Merge 2 lists at every x position

Question

Say I have two lists one longer than the other, x = [1,2,3,4,5,6,7,8] and y = [a,b,c] and I want to merge each element in y to every 3rd index in x so the resulting list z would look like: z = [1,2,a,3,4,b,5,6,c,7,8]

What would be the best way of going about this in python?

Answer 1

Here is an adapted version of the roundrobin recipe from the itertools documentation that should do what you want:

from itertools import cycle, islice

def merge(a, b, pos):
    "merge('ABCDEF', [1,2,3], 3) --> A B 1 C D 2 E F 3"
    iterables = [iter(a)]*(pos-1) + [iter(b)]
    pending = len(iterables)
    nexts = cycle(iter(it).next for it in iterables)
    while pending:
        try:
            for next in nexts:
                yield next()
        except StopIteration:
            pending -= 1
            nexts = cycle(islice(nexts, pending))

Example:

>>> list(merge(xrange(1, 9), 'abc', 3))   # note that this works for any iterable!
[1, 2, 'a', 3, 4, 'b', 5, 6, 'c', 7, 8]

Or here is how you could use roundrobin() as it is without any modifications:

>>> x = [1,2,3,4,5,6,7,8]
>>> y = ['a','b','c']
>>> list(roundrobin(*([iter(x)]*2 + [y])))
[1, 2, 'a', 3, 4, 'b', 5, 6, 'c', 7, 8]

Or an equivalent but slightly more readable version:

>>> xiter = iter(x)
>>> list(roundrobin(xiter, xiter, y))
[1, 2, 'a', 3, 4, 'b', 5, 6, 'c', 7, 8]

Note that both of these methods work with any iterable, not just sequences.

Here is the original roundrobin() implementation:

from itertools import cycle, islice

def roundrobin(*iterables):
    "roundrobin('ABC', 'D', 'EF') --> A D E B F C"
    # Recipe credited to George Sakkis
    pending = len(iterables)
    nexts = cycle(iter(it).next for it in iterables)
    while pending:
        try:
            for next in nexts:
                yield next()
        except StopIteration:
            pending -= 1
            nexts = cycle(islice(nexts, pending))

Answer 2

>>> from itertools import chain
def solve(x,y):                                                             
    it = iter(y)
    for i in xrange(0, len(x), 2):
        try:
            yield x[i:i+2] + [next(it)]
        except StopIteration:    
            yield x[i:]
...

>>> x = [1,2,3,4,5,6,7,8]
>>> y = ['a','b','c']

>>> list(chain.from_iterable(solve(x,y)))
[1, 2, 'a', 3, 4, 'b', 5, 6, 'c', 7, 8]

Answer 3

This approach modifies x in place.
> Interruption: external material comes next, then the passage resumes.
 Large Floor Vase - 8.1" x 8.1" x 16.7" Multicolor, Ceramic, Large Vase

Alternatively, you could make a copy of x and return the modified copy if you didn't want to change the original.

def merge(x, y, offset):
    for i, element in enumerate(y, 1):
        x.insert(i * offset - 1, element)

>>> x = [1,2,3,4,5,6,7,8]
>>> y = ['a','b','c']
>>> merge(x, y, 3)
>>> x
[1, 2, 'a', 3, 4, 'b', 5, 6, 'c', 7, 8]

All extra elements of y past the end of x just get appended to the end.

Answer 4

Here's another way:

x = range(1, 9)
y = list('abc')

from itertools import count, izip
from operator import itemgetter
from heapq import merge

print map(itemgetter(1), merge(enumerate(x), izip(count(1, 2), y)))
# [1, 2, 'a', 3, 4, 'b', 5, 6, 'c', 7, 8]

This keeps it all lazy before building the new list, and lets merge naturally merge the sequences... kind of a decorate/undecorate... It does require Python 2.7 for count to have a step argument though.
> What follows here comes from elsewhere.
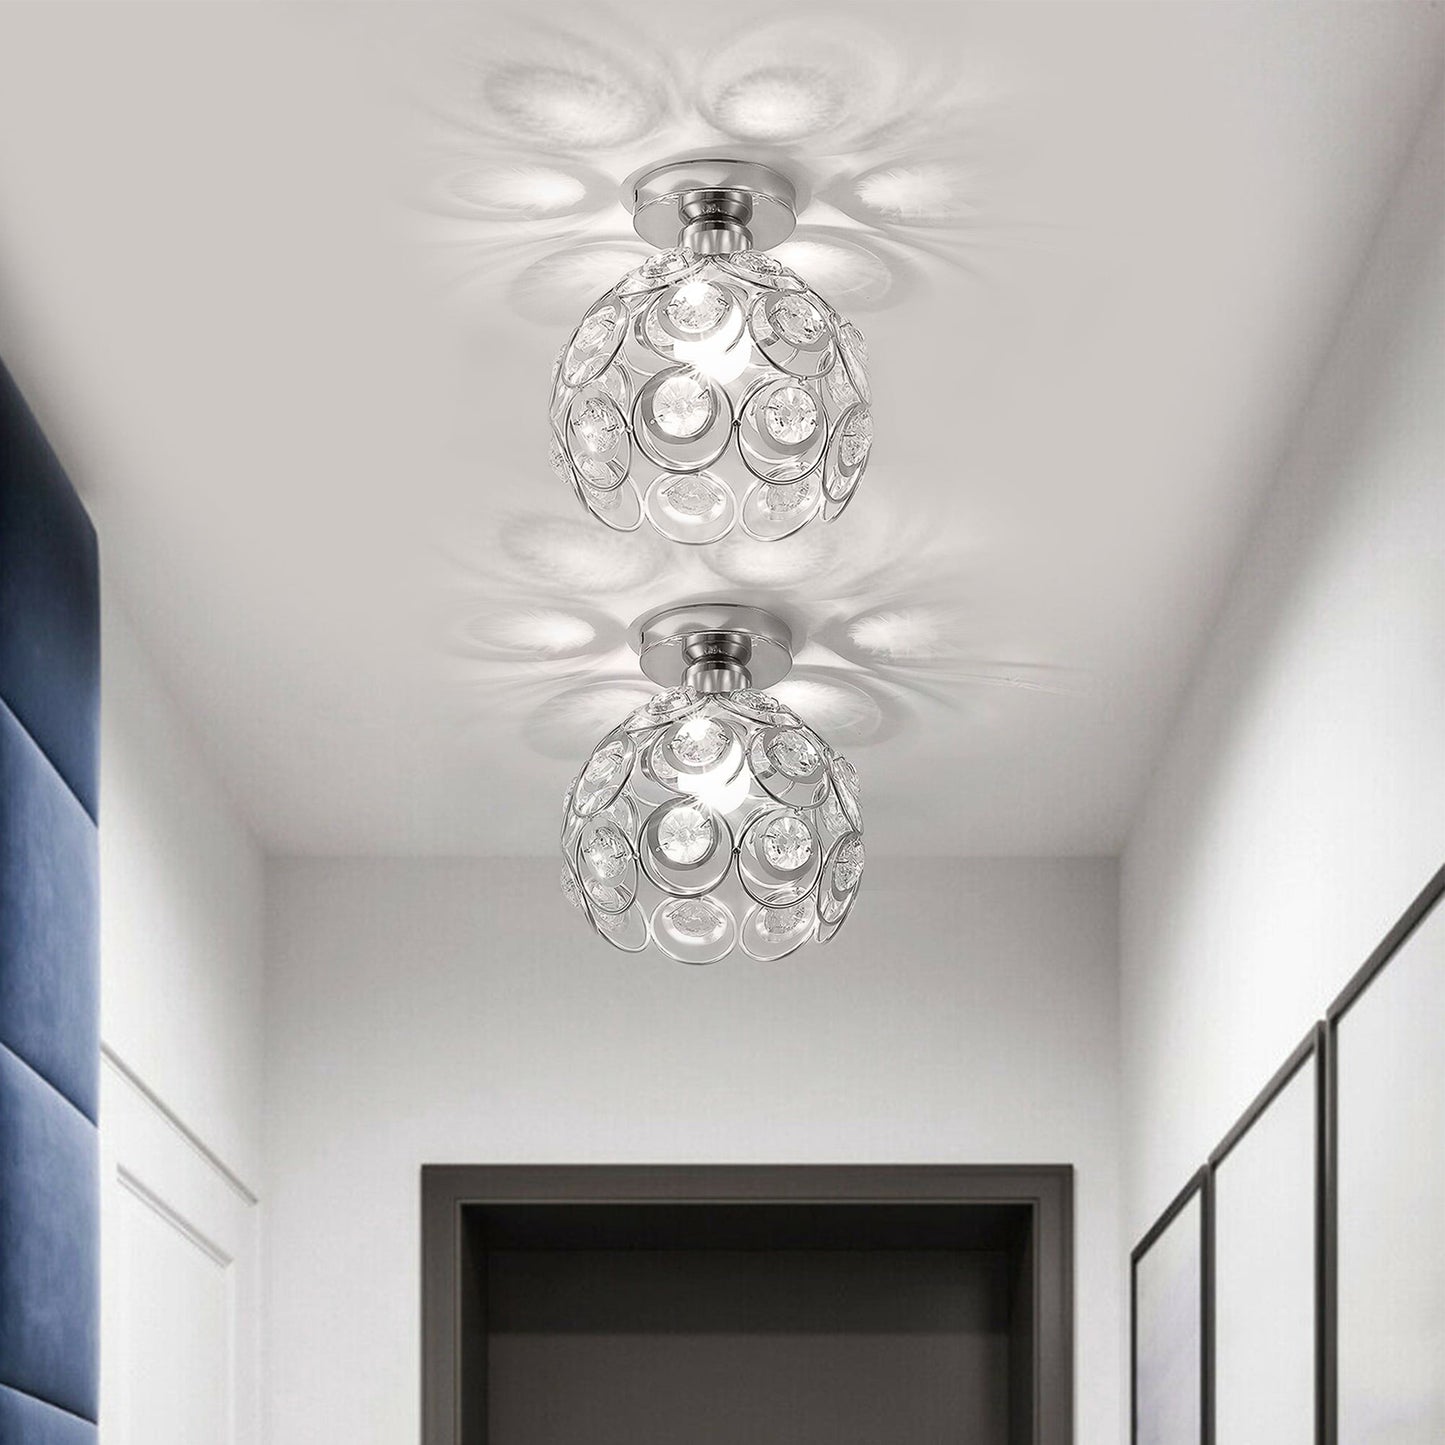 1-Light Silver Romantic Flush Mount LED Ceiling Light Fixture,Modern Crystal Chandelier Lighting, Celling Lamp for Bedroom,Bar,,Bathroom, Living Room

So, to walk it through a bit:

a = list(enumerate(x))
# [(0, 1), (1, 2), (2, 3), (3, 4), (4, 5), (5, 6), (6, 7), (7, 8)]
b = zip(count(1, 2), y)
# [(1, 'a'), (3, 'b'), (5, 'c')]
print list(merge(a, b))
# [(0, 1), (1, 2), (1, 'a'), (2, 3), (3, 4), (3, 'b'), (4, 5), (5, 6), (5, 'c'), (6, 7), (7, 8)]

Then the itemgetter(1) just takes the actual value removing the index...

Answer 5

The above solutions are really cool. Here's an alternative that doesn't involve roundrobin or itertools.

def merge(x, y):
    result = []
    while y:
        for i in range(0, 2): result.append(x.pop(0))
        for i in range(0, 1): result.append(y.pop(0))
    result.extend(x)
    return result

where 2 and 1 are arbitrary and list y is assumed to be shorter than list x.

Answer 6

sep, lst = 2, []
for i in range(len(y)+1):
    lst += x[i*sep:(i+1)*sep] + y[i:i+1]

Where sep is the number of elements of x before an element of y is inserted.

Performance:

>>> timeit.timeit(stmt="for i in range(len(y)+1): lst += x[i*sep:(i+1)*sep] + y[i:i+1]", setup="lst = [];x = [1,2,3,4,5,6,7,8];y = ['a','b','c'];sep = 2", number=1000000)
2.8565280437469482

Pretty damn good. I wasn't able to get the stmt to begin with let = [] so I think it kept appending to lst (unless I misunderstand timeit), but still... pretty good for a million times.

Answer 7

Using itertools.izip_longest:

>>> from itertools import izip_longest, chain
>>> y = ['a','b','c']
>>> x = [1,2,3,4,5,6,7,8]   
>>> lis = (x[i:i+2] for i in xrange(0, len(x) ,2)) # generator expression
>>> list(chain.from_iterable([ (a + [b]) if b else a  
                                            for a, b in izip_longest(lis, y)]))
[1, 2, 'a', 3, 4, 'b', 5, 6, 'c', 7, 8]

Answer 8

def merge(xs, ys):
    ys = iter(ys)
    for i, x in enumerate(xs, 1):
        yield x
        if i % 2 == 0:
            yield next(ys)

''.join(merge('12345678', 'abc')) # => '12a34b56c78'